I segmented into the two loaves, rounded one and placed it into the oiled zipper bag and froze it just like I have done with the lean bread from this book. The other loaf was shaped, placed into the greased tin and left to rise for two and a half hours. I slipped the risen loaf into the oven for 40 minutes, the shortest cook time, and found this beautiful golden brown bread. The crust on the top was just right. I have to say that the gold touch pans from Williams-Sonoma really do a wonderful job with bread and the crispness of the crust around the full loaf.

When I cut it open, I found this beautiful crumb with just the right amount of bubbles in the dough for lightness. It is a more dense bread than store bought to be sure, but it is also velvety and moist. The texture is soft yet firm enough that it does not collapse into a compressed mess. What did I put on this too too decedent bread? Why peanut butter and homemade jelly of course! I know, it seems so unclassy for this royal sandwich bread, but it was what I was craving. Now to just find myself a perfect bread box, so my bread can last a bit longer. Currently it is wrapped up in waxed paper in an attempt to keep it decent for the next few days. I had it for toast this morning, and while the interior is still wonderful, the crust is starting to lose a bit of its crunch.

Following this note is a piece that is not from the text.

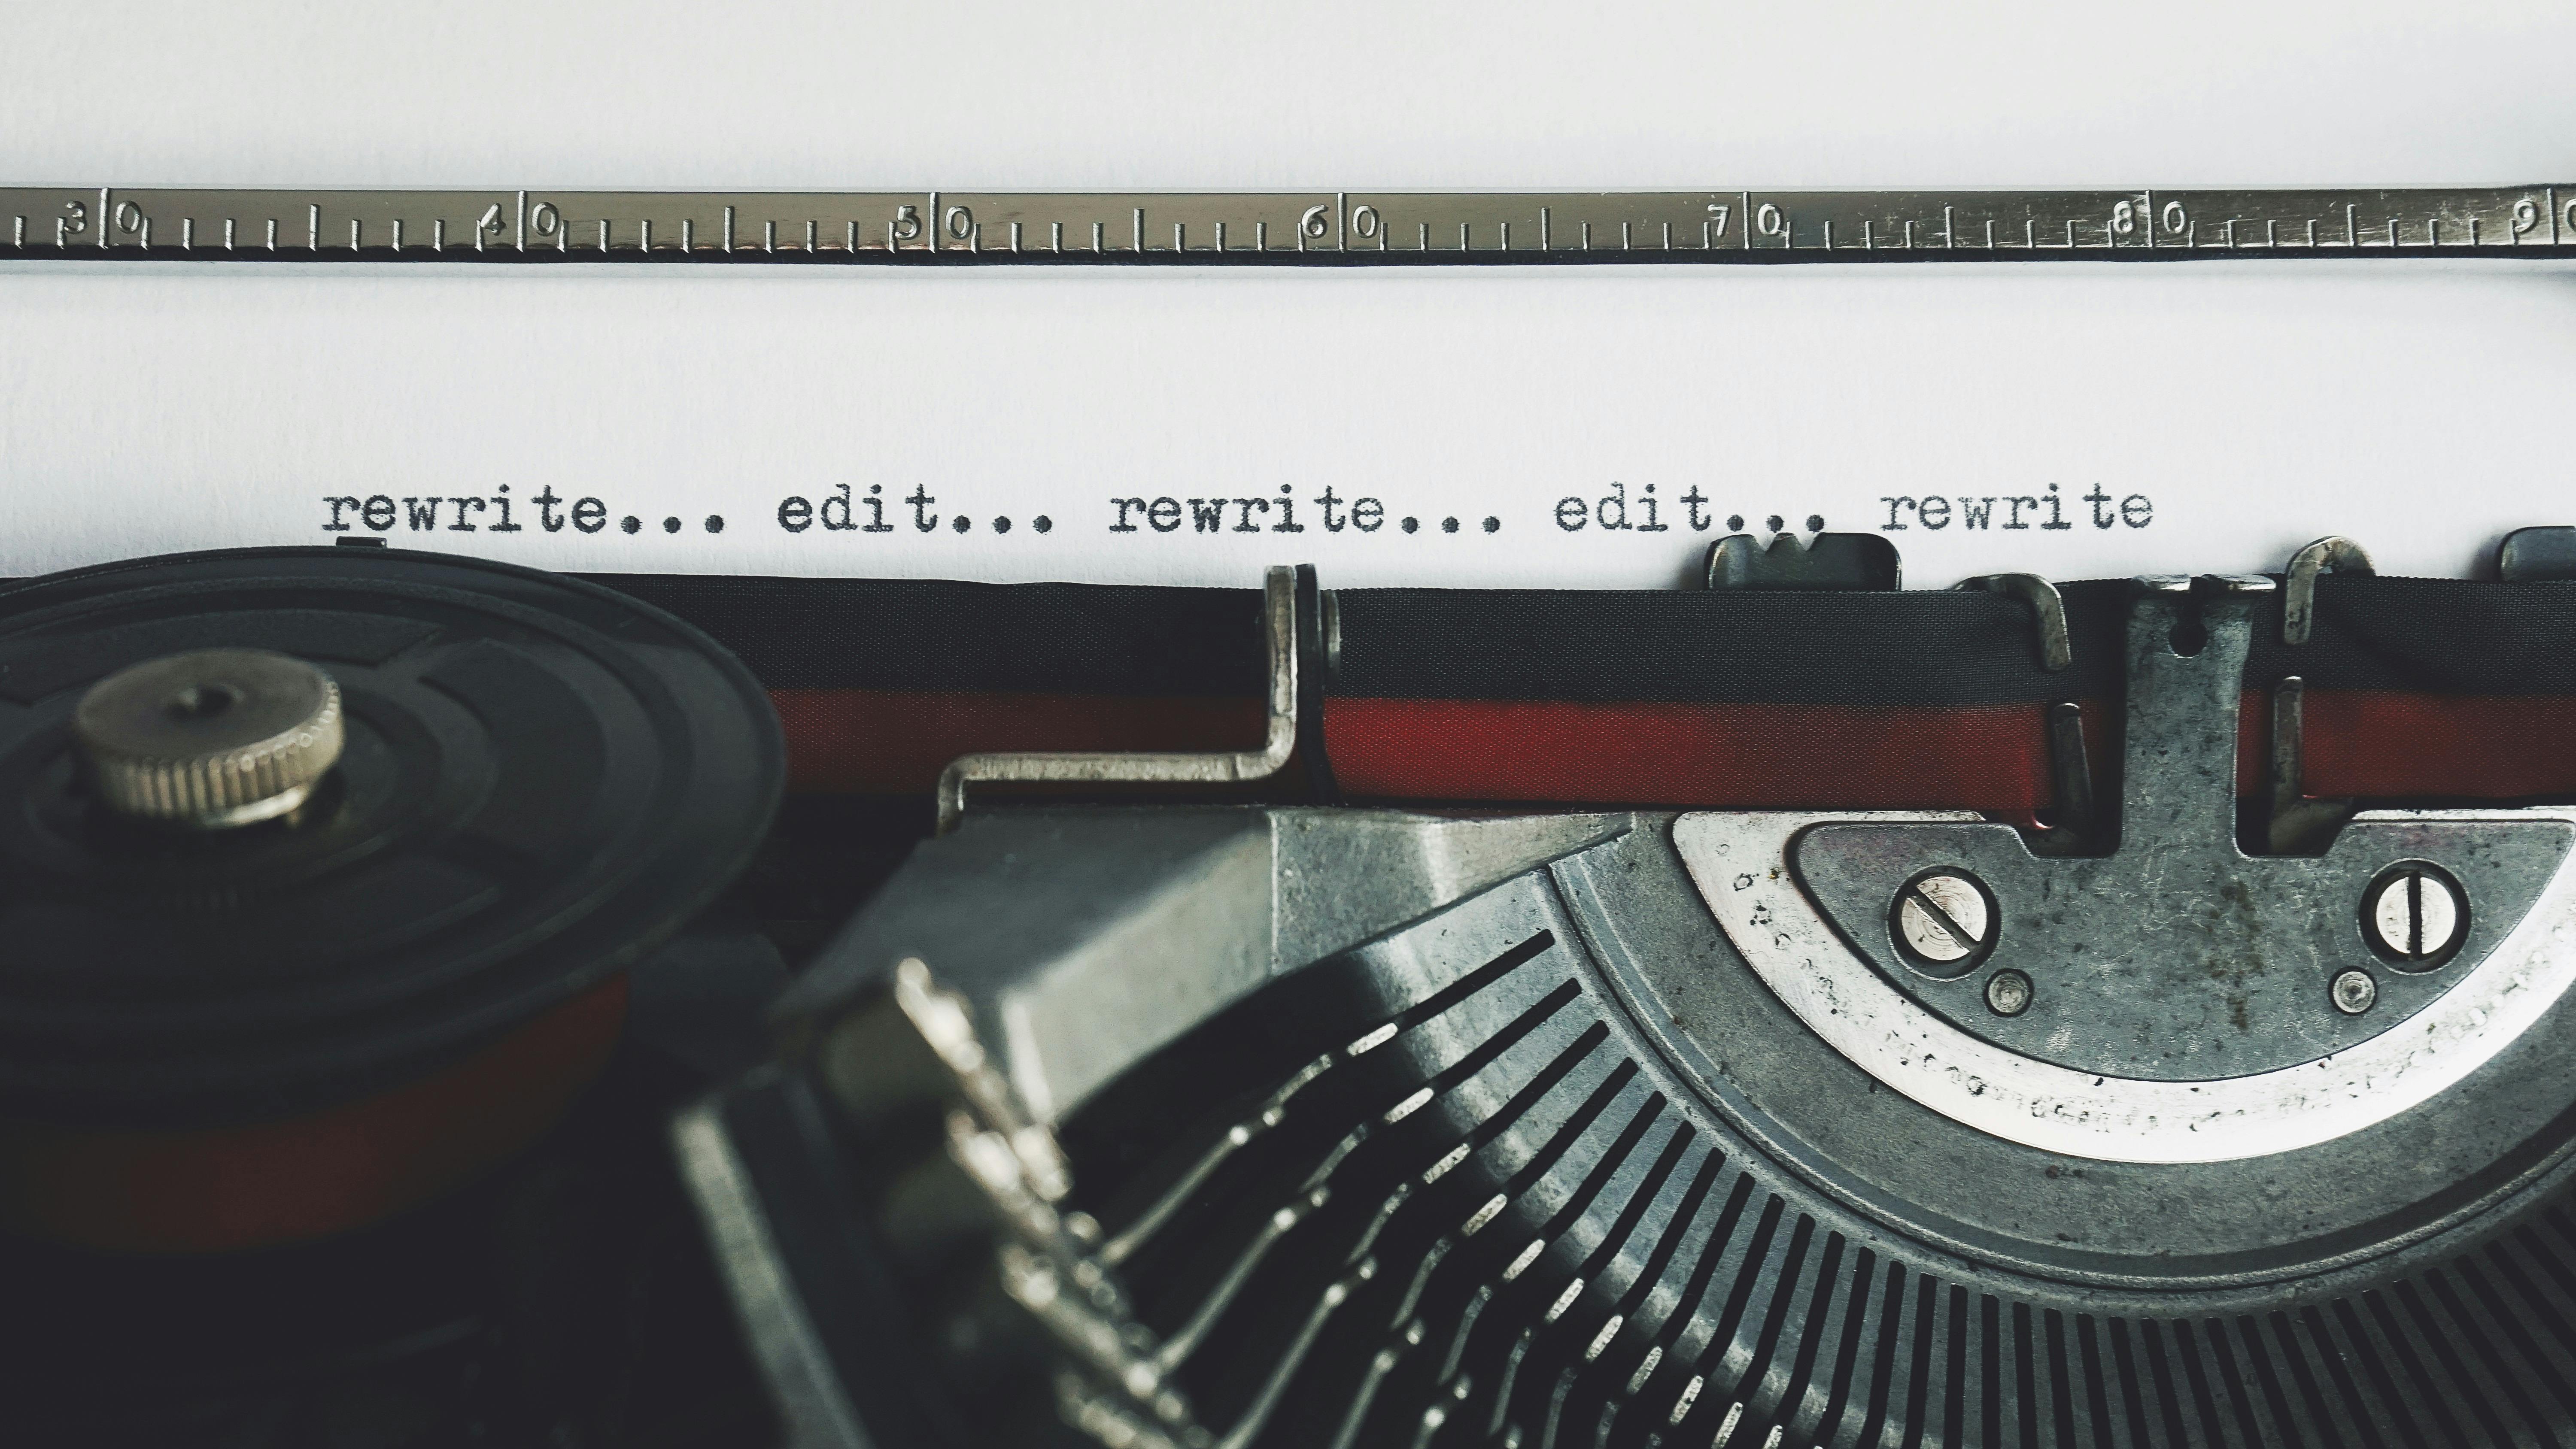 Rewrite Edit Text on a Typewriter · Free Stock Photo

After bread baking, I went on a quest to find more lemons as I had run out. I needed them to start the next project, apple pie filling. I processed more apples into the dehydrator and then I was off to the races getting the pie filling made. I have to recommend the v slicer or a mandolin if you are thinking of doing apple pie filling or dehydrating mass quantities of apple slices. It really does make fast work out of the slicing, and it also ensures that your slices are all the same perfect size.

Once the slices were treated against browning, they had to be blanched for a little bit to facilitate the canning process by bringing them to a hot temperature. Next the goopy filling that goes between the apple slices was made. I followed the recipe from The Ball Complete Book of Home Preserving, and I think this is another winner out of that book. The Clear Jel really makes it all work well. After the goop was made, in went the apple slices and a quick boil was reached. Then packing them into the jars and into the canner for processing.

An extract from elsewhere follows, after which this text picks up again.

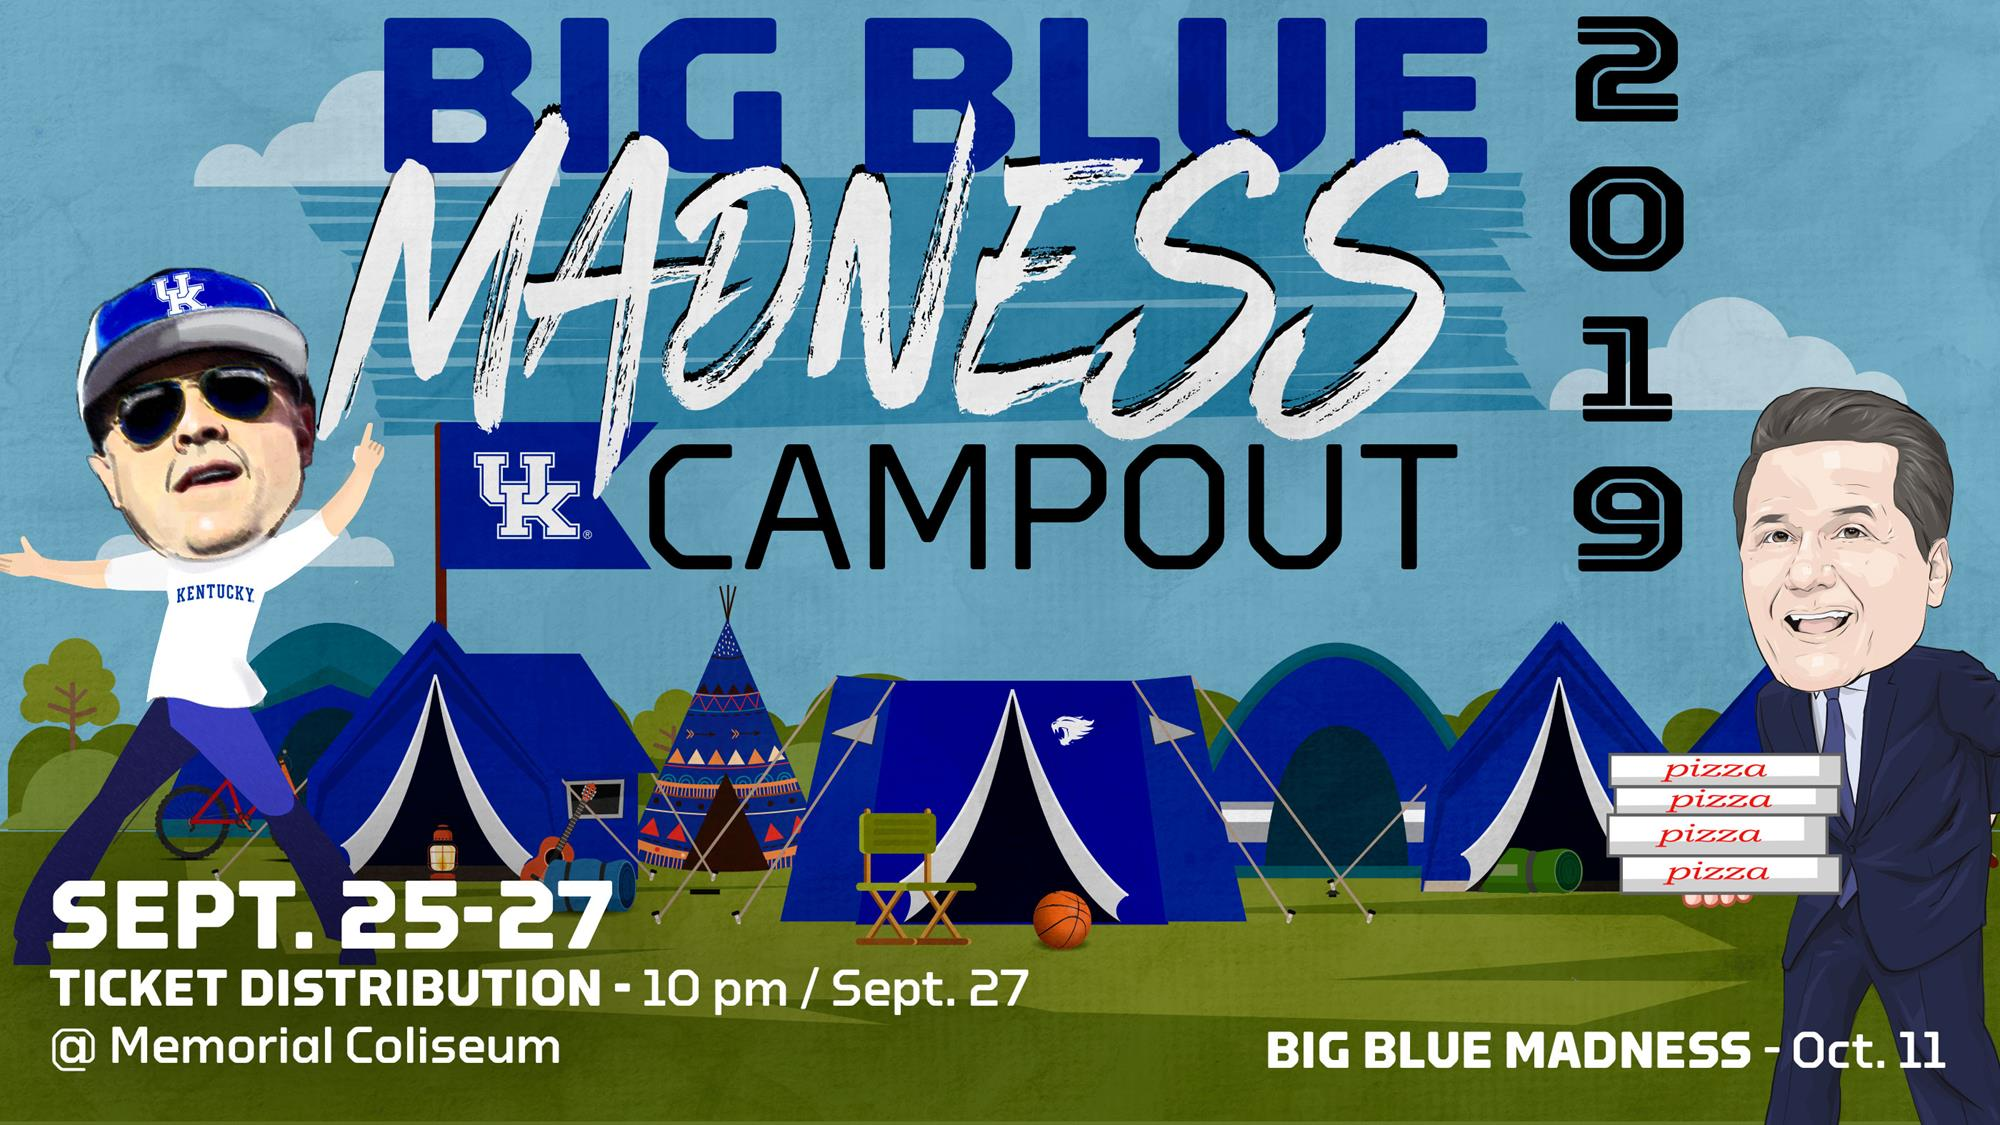 Big Blue Madness Ticket Distribution Slated for Sept. 27

I found that this recipe ran a bit short on its estimate of yield. I only got five full pints and a scant sixth when the recipe says it makes seven pints. Perhaps my half circle slices were too large to measure out the 12 cups as exactly as they did in the recipe. No matter as I am sure this will not be my only batch of apple pie filling this year. I am sure once we go apple and grape picking this fall that more will be made.

I can my pie filling into pints rather than quarts because a quart perfectly fills our mini pie pan. This pie was made last night out of the scant pint that was left over. It had just too much air space in the jar to reasonably store it, so I used it right away! Hey, no one is complaining here!

I had some requests for the apple jelly and apple butter recipes that I used for yesterday's blog posting. I will post them tomorrow in the blog. Check back to get those recipes then. Today is a really busy day as it is the first day back for me at 826 Valencia for after school tutoring. I still have some canning I am going to try to get done before I leave for that as well as getting my dance class clothing ready and the house straightened up a bit. I promise wholeheartedly to post those recipes tomorrow.